**Problem statement:**
Find the line containing "News24 | More" in the records below. Copy exactly that line and each one after it, ending at the line containing "SKY sunset Nature", and nothing more.

**Information:**
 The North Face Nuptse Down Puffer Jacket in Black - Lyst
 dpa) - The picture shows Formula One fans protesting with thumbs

---

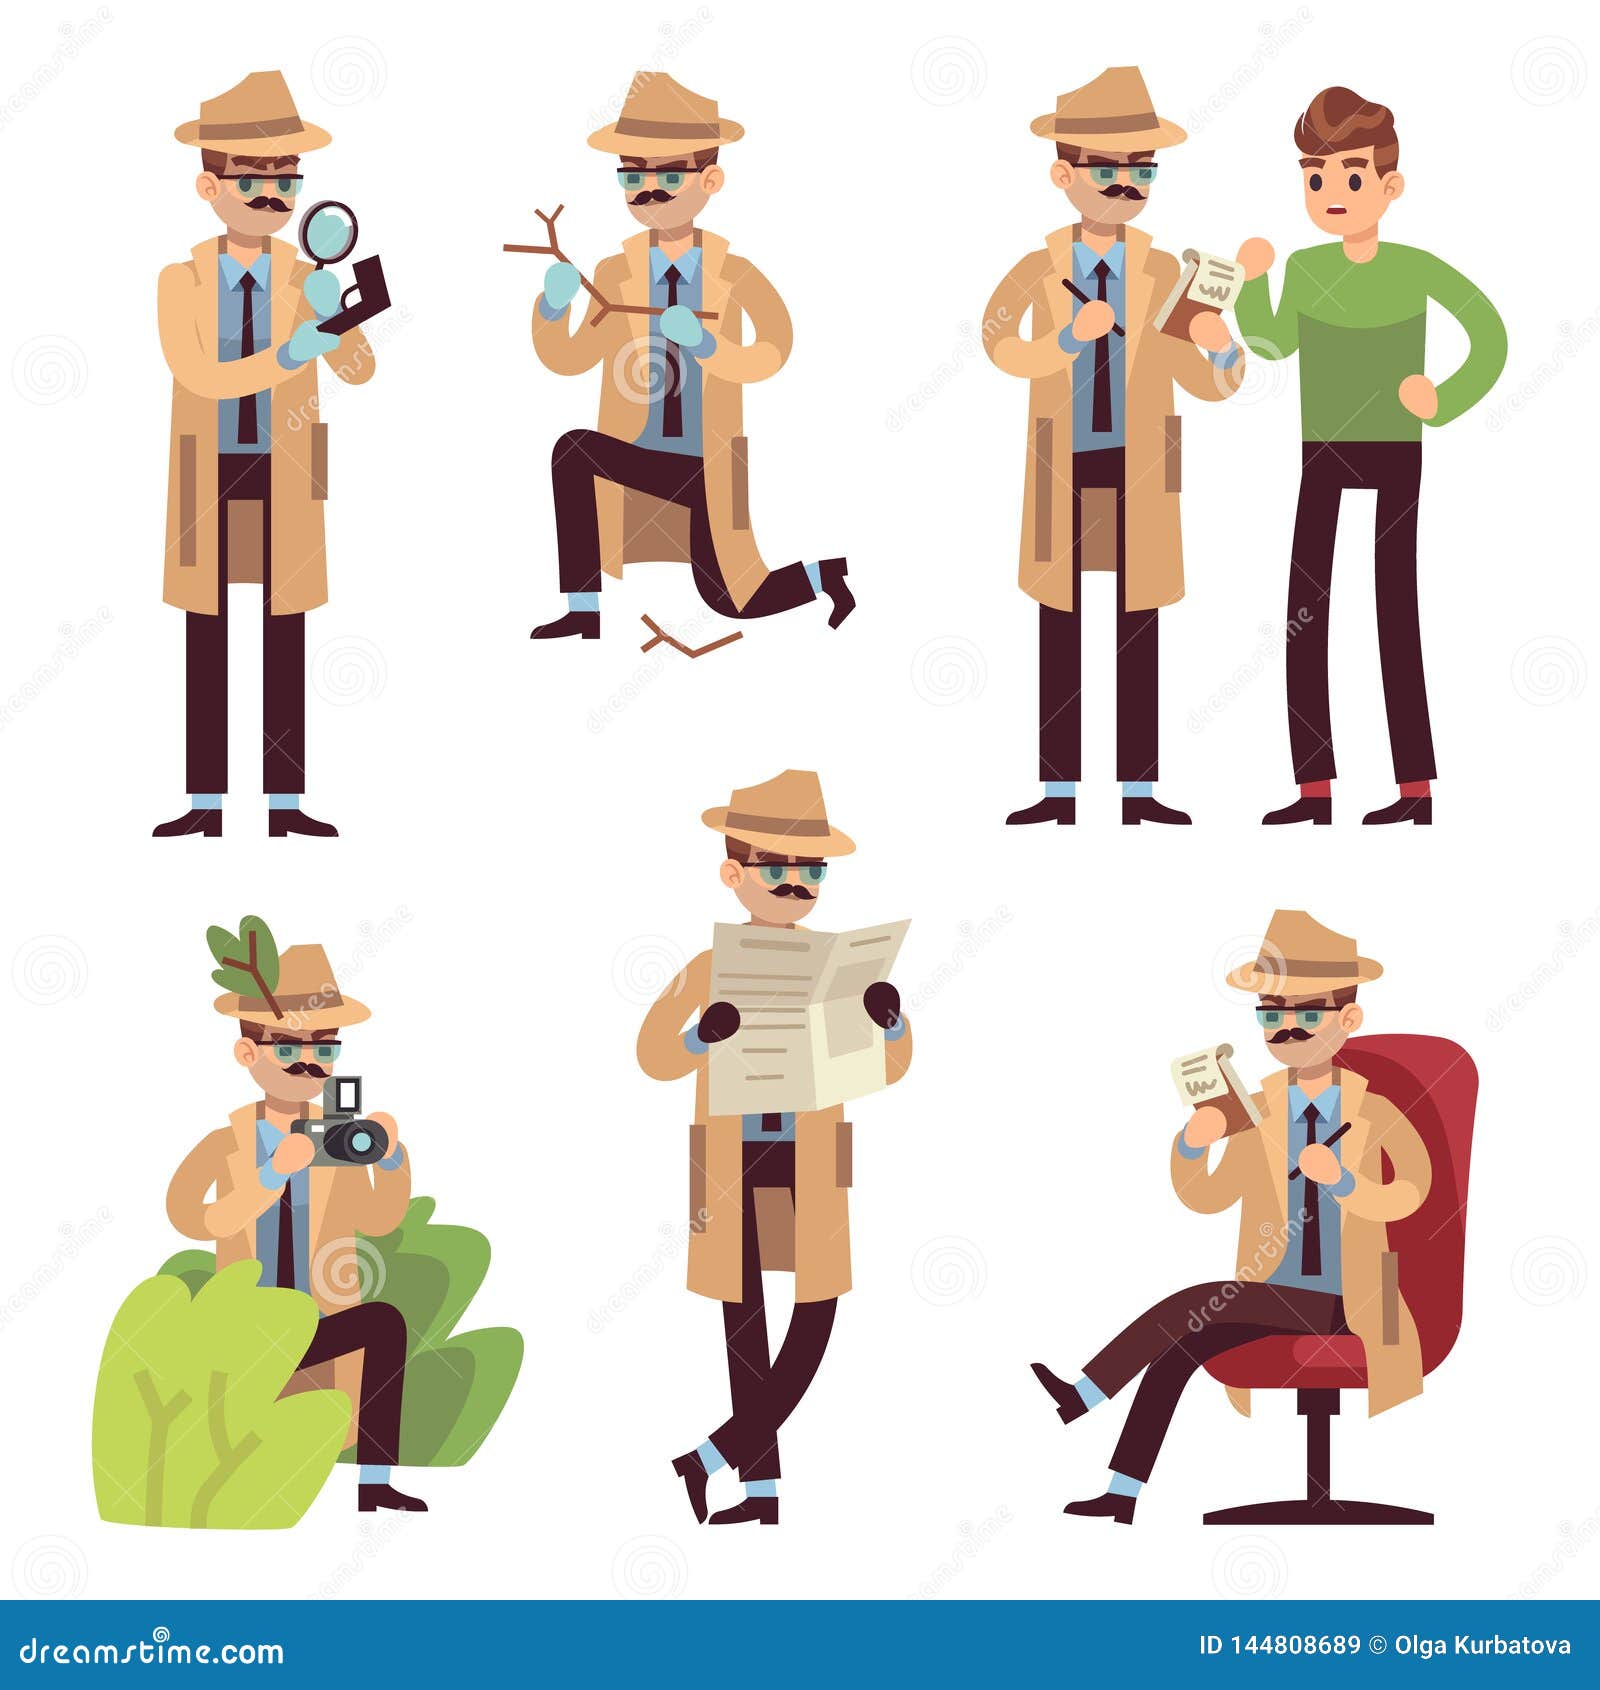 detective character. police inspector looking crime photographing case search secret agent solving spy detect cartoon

---

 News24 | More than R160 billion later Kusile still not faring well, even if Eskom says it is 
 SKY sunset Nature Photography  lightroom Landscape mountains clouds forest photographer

**Task response:**
 News24 | More than R160 billion later Kusile still not faring well, even if Eskom says it is 
 SKY sunset Nature Photography  lightroom Landscape mountains clouds forest photographer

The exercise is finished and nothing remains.